Она не отвечает. Мое сердце колотится, а дыхание перехватывает. Я надеюсь, что все не так поняла, но ее решительное и непоколебимое выражение лица не оставляет мне надежды.
– Я уже давно хотела тебе сказать… Я больше не могу, Зои, – шепчет она. – Это выше моих сил.
Нет. Нет-нет-нет. Она не может так со мной поступить.

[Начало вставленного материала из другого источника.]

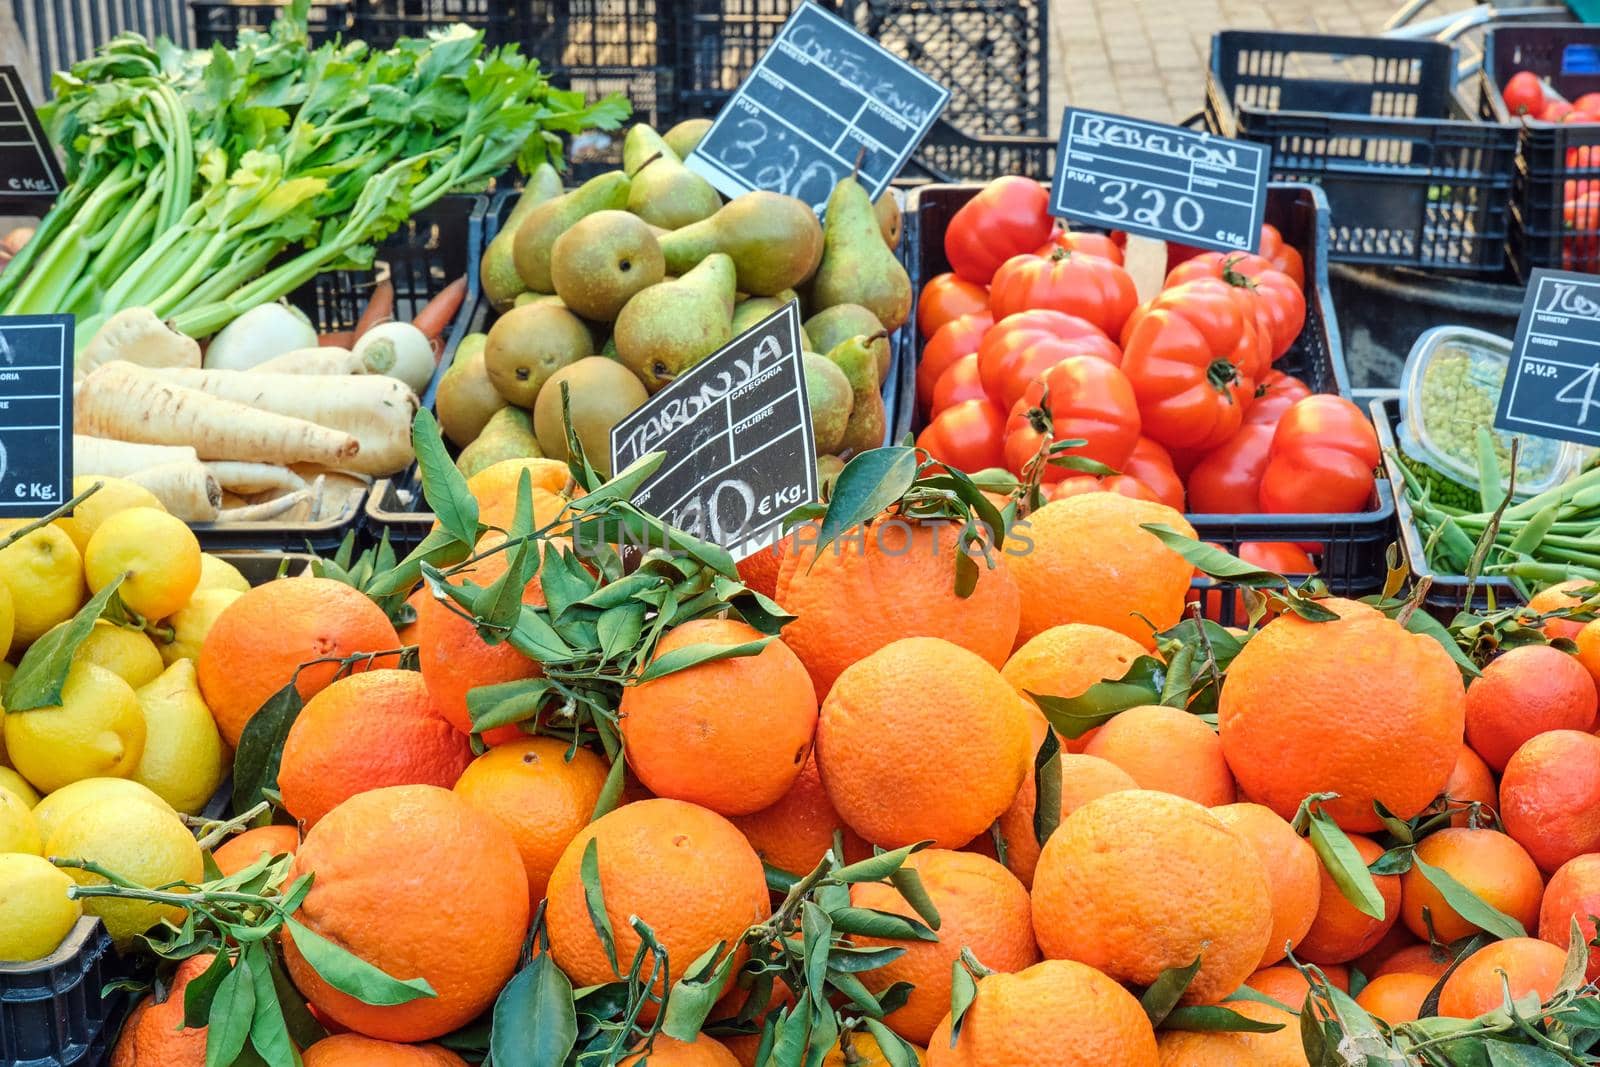 Fruits and vegetables for sale at a market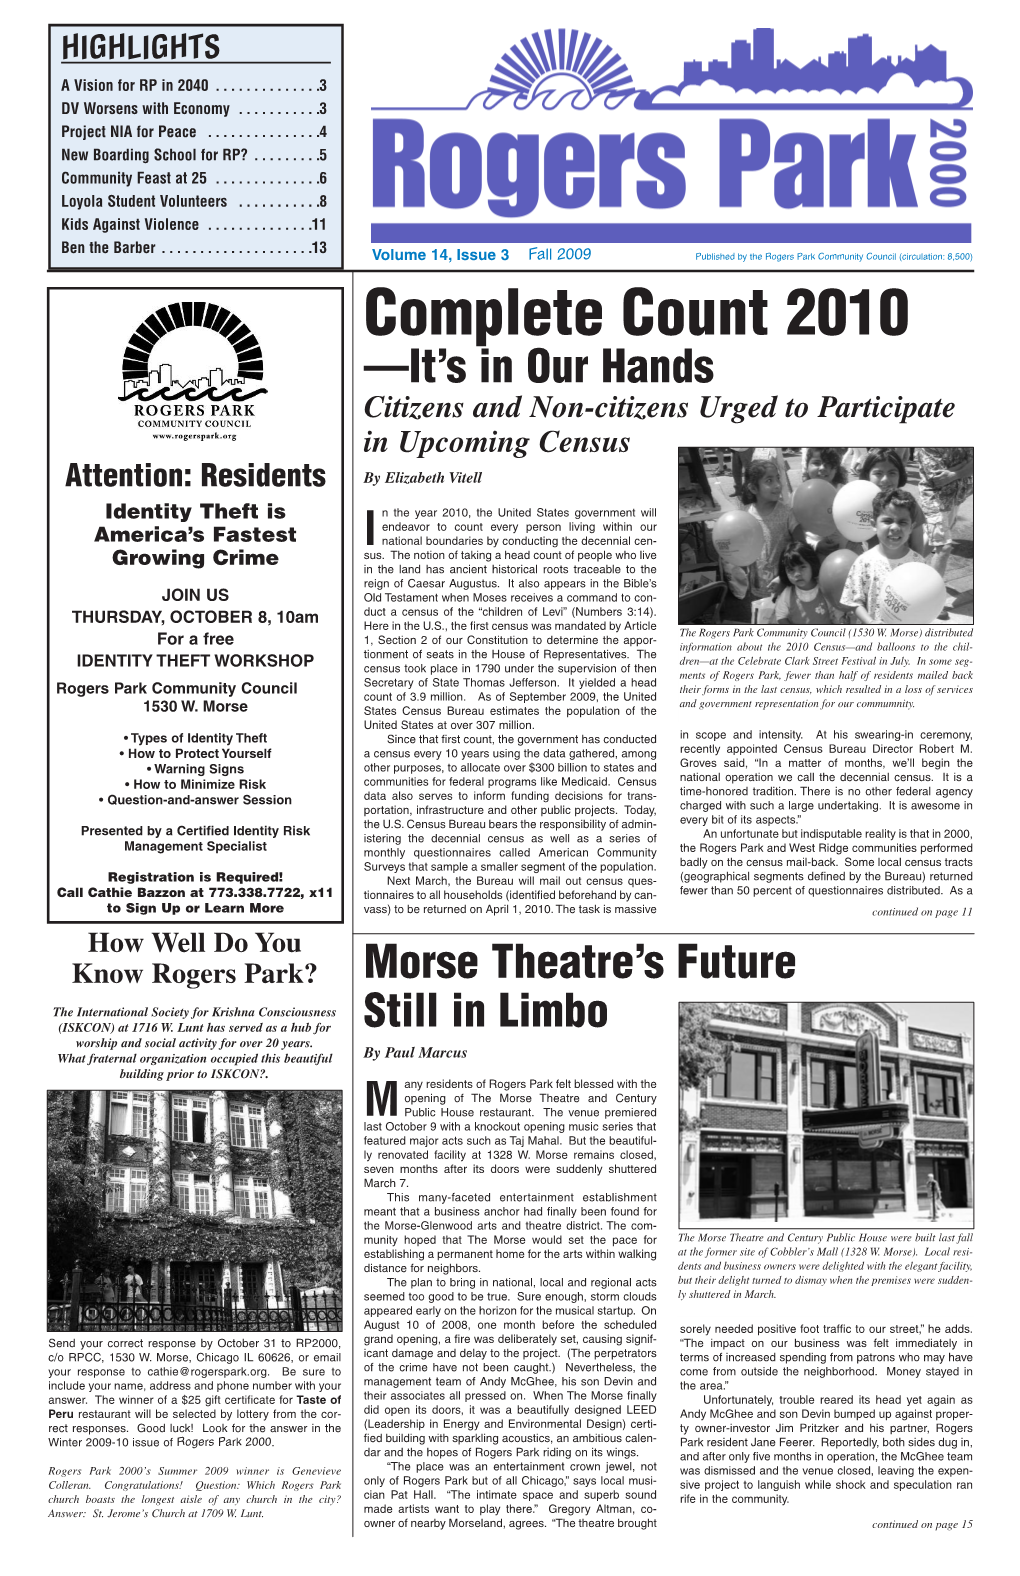 Complete Count 2010 —It’S in Our Hands Citizens and Non-Citizens Urged to Participate in Upcoming Census Attention: Residents by Elizabeth Vitell

Я всегда знала, что из-за Брайана наша история любви пойдет под откос. Чем я это заслужила? Я не понимаю. Разве я во всем этом жертва?
Тогда почему я единственная теряю то, что мне дороже всего?
– Ты меня бросаешь?
Мой голос едок. Я не хотела, но ничего не могу с собой поделать. Я считаю, что ее реакция несправедлива. Если бы она меня любила, она бы осталась.
«В отношениях один всегда любит больше».
– Мне жаль.
– Черт, да мне плевать, жаль тебе или нет! – шиплю я. По моим щекам катятся слезы. – Я… Прости, я… Я стану лучше. Обещаю. Сара, пожалуйста, не делай этого. Не сейчас.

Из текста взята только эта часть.